# GUYS..The best digi cam for 12k-17k..!Help..!!



## hazard.shobhit (Nov 20, 2010)

hiya guys..!need yur help..!
guys i wanna buy a digital camera for 12k-17k price range...!suggest me the best options i can have..>! well i wud like HD enbled...nice zoom,of course nice picture quality,nd a wide variety of functions..!!!!!


----------



## pulkitpopli2004 (Nov 20, 2010)

dere are 2 canon model which will be best for ur price range
1. PowerShot SX130 IS - 14k - 12MegaPixel , 12x zoom
2. PowerShot SX210 IS - 17.5k (cud b less dan dat too)... - 14MegaPixel, 14x zoom


----------



## harryneopotter (Nov 20, 2010)

have a look at Panasonic FZ35.


----------



## sujoyp (Nov 21, 2010)

sx130IS is great on features but not very compact..
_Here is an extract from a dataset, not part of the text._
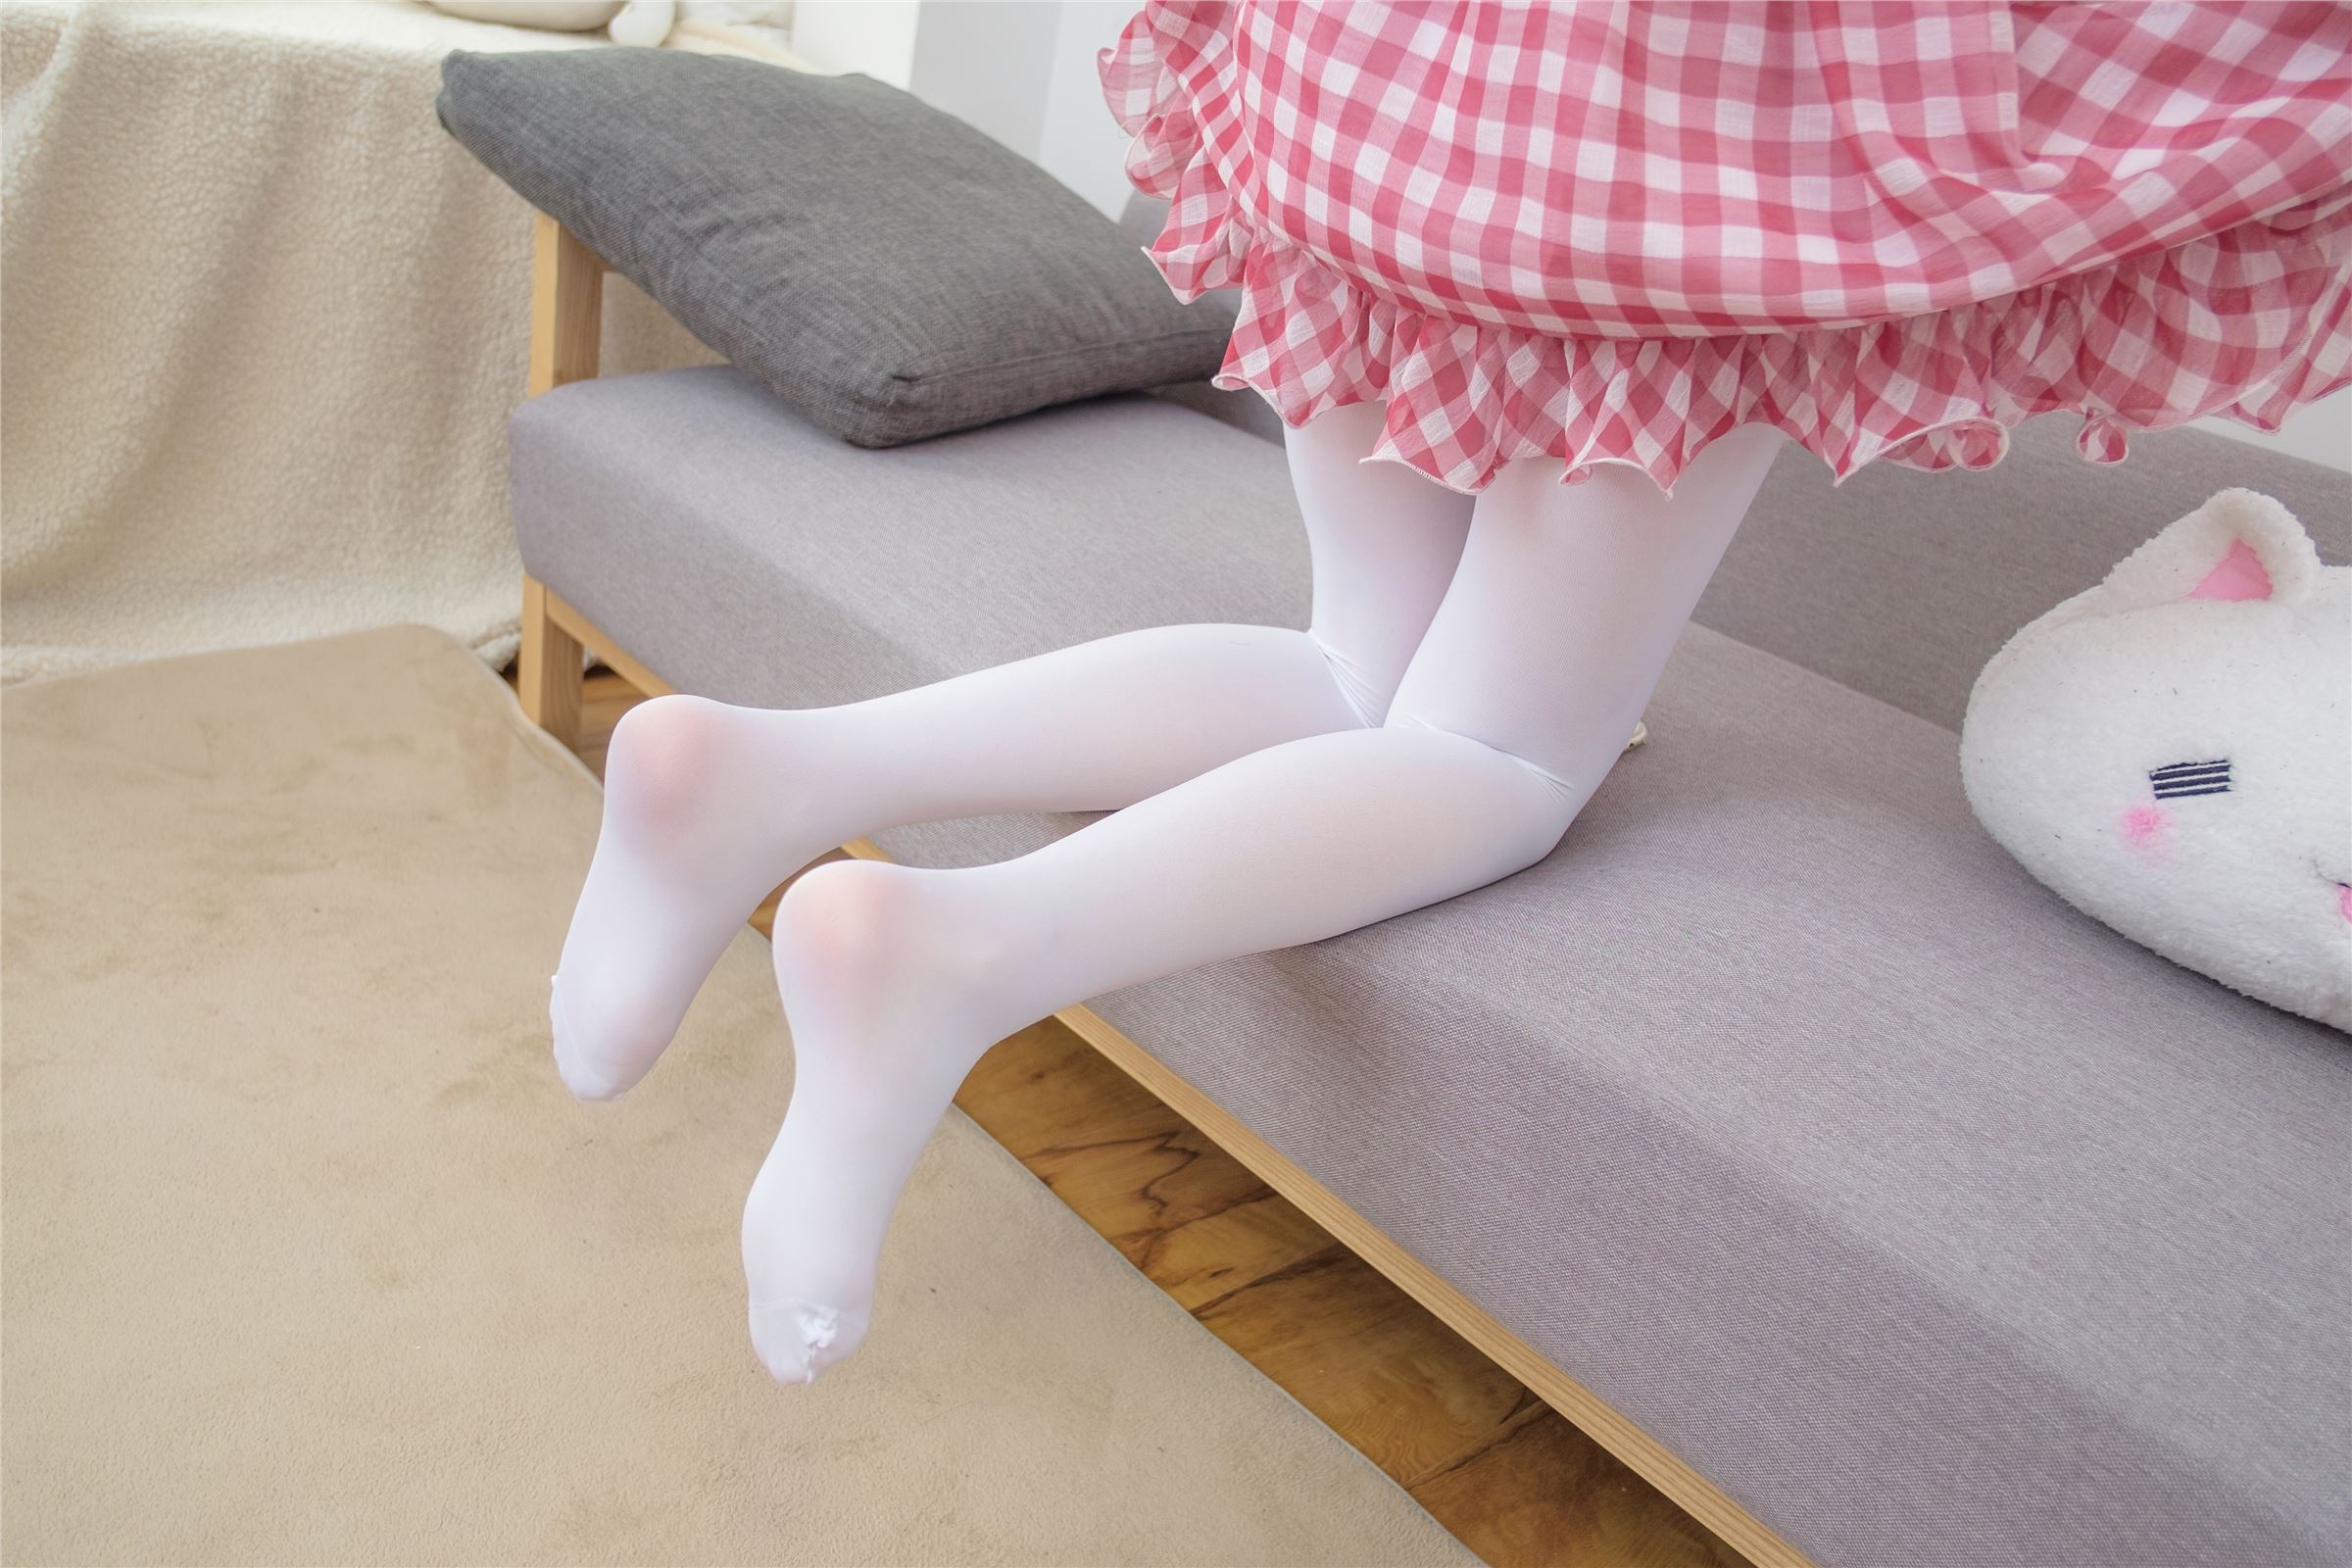 [Sen Luo consortium] rolice foot photo r15-011 red plaid skirt white silk mm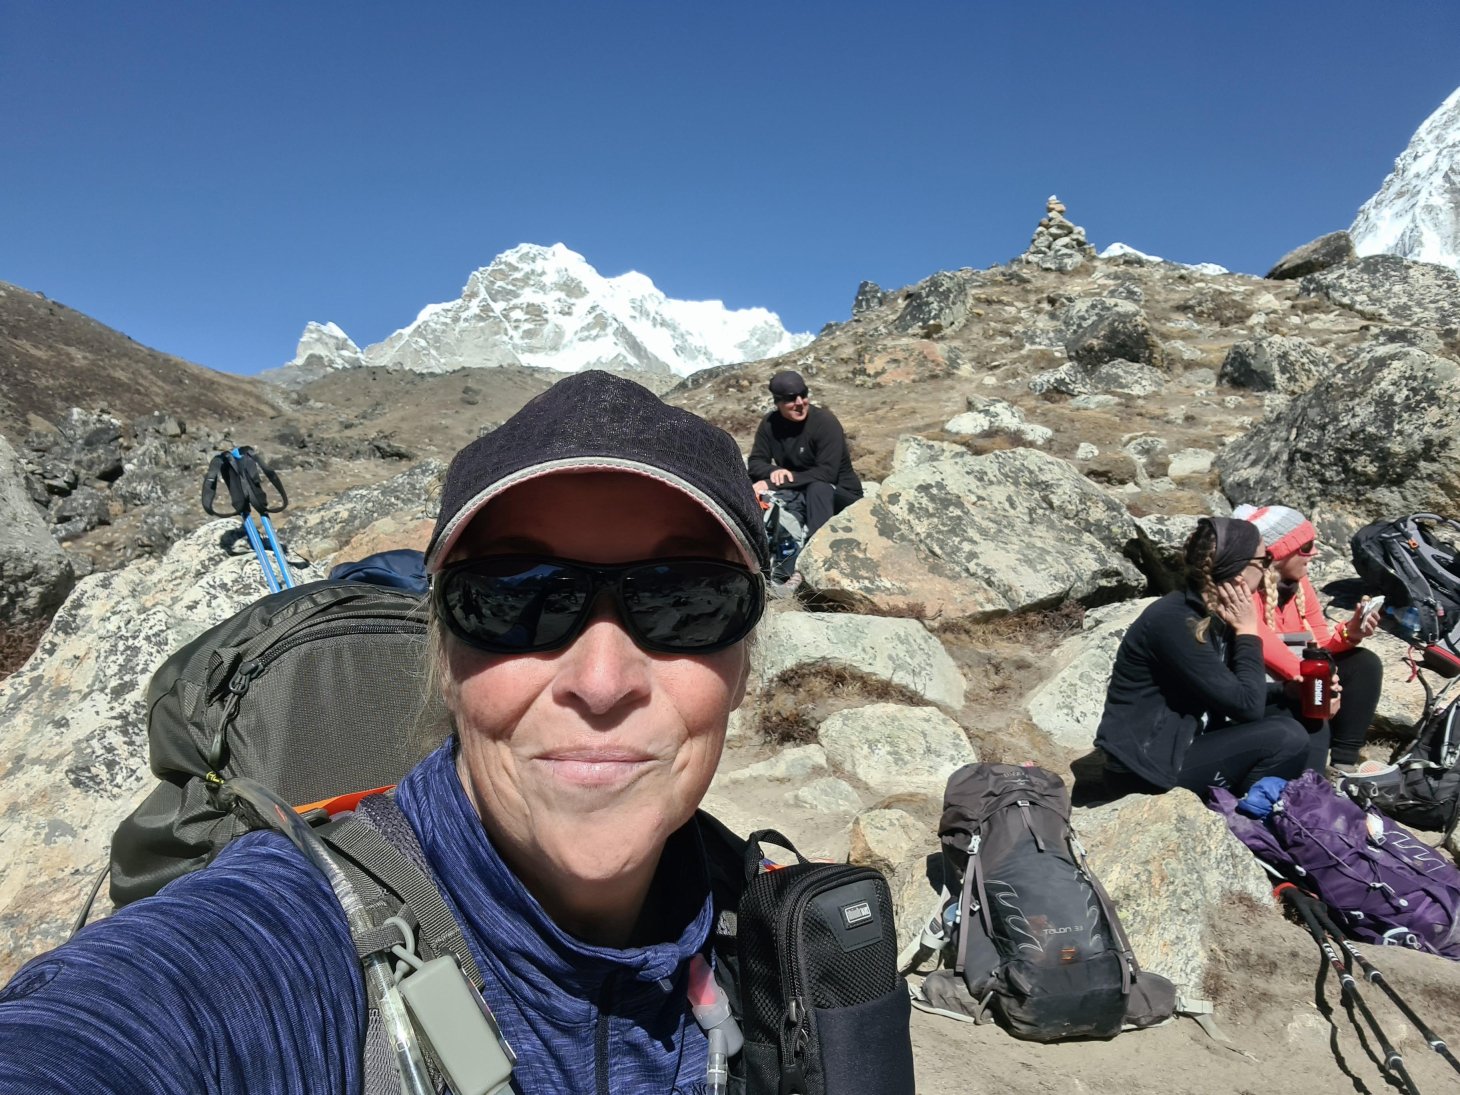 H+H Head of Merchant Accounts treks to Everest Base Camp

if u want compact look for panasonic tz8 or canon sx210is


----------



## desiibond (Nov 21, 2010)

yes. Panasonic FZ35 is one of the best PnS phones available in the market right now


----------



## sujoyp (Nov 22, 2010)

umm does fz35 comes in his budget??? 14-17k


----------



## harryneopotter (Nov 22, 2010)

the Grey Market Price is around 17k.


----------



## eagle_y2j (Dec 2, 2010)

Sony DSC H55 is a good camera with lots of good features and it falls under this budget range .


----------



## Dhrubajyoti (Dec 4, 2010)

The SX130IS is an excellent camera. Full manual controls available, good low light photography cant be compared to SLRs though. Bought one about a month ago.

Only demerit: it is an ultimate battery eater. Make sure you try before you buy. My new set of 1900mAh batteries were dead in less than 45 minutes. Still I am trying to find ones that will satisfy its hunger!!!


----------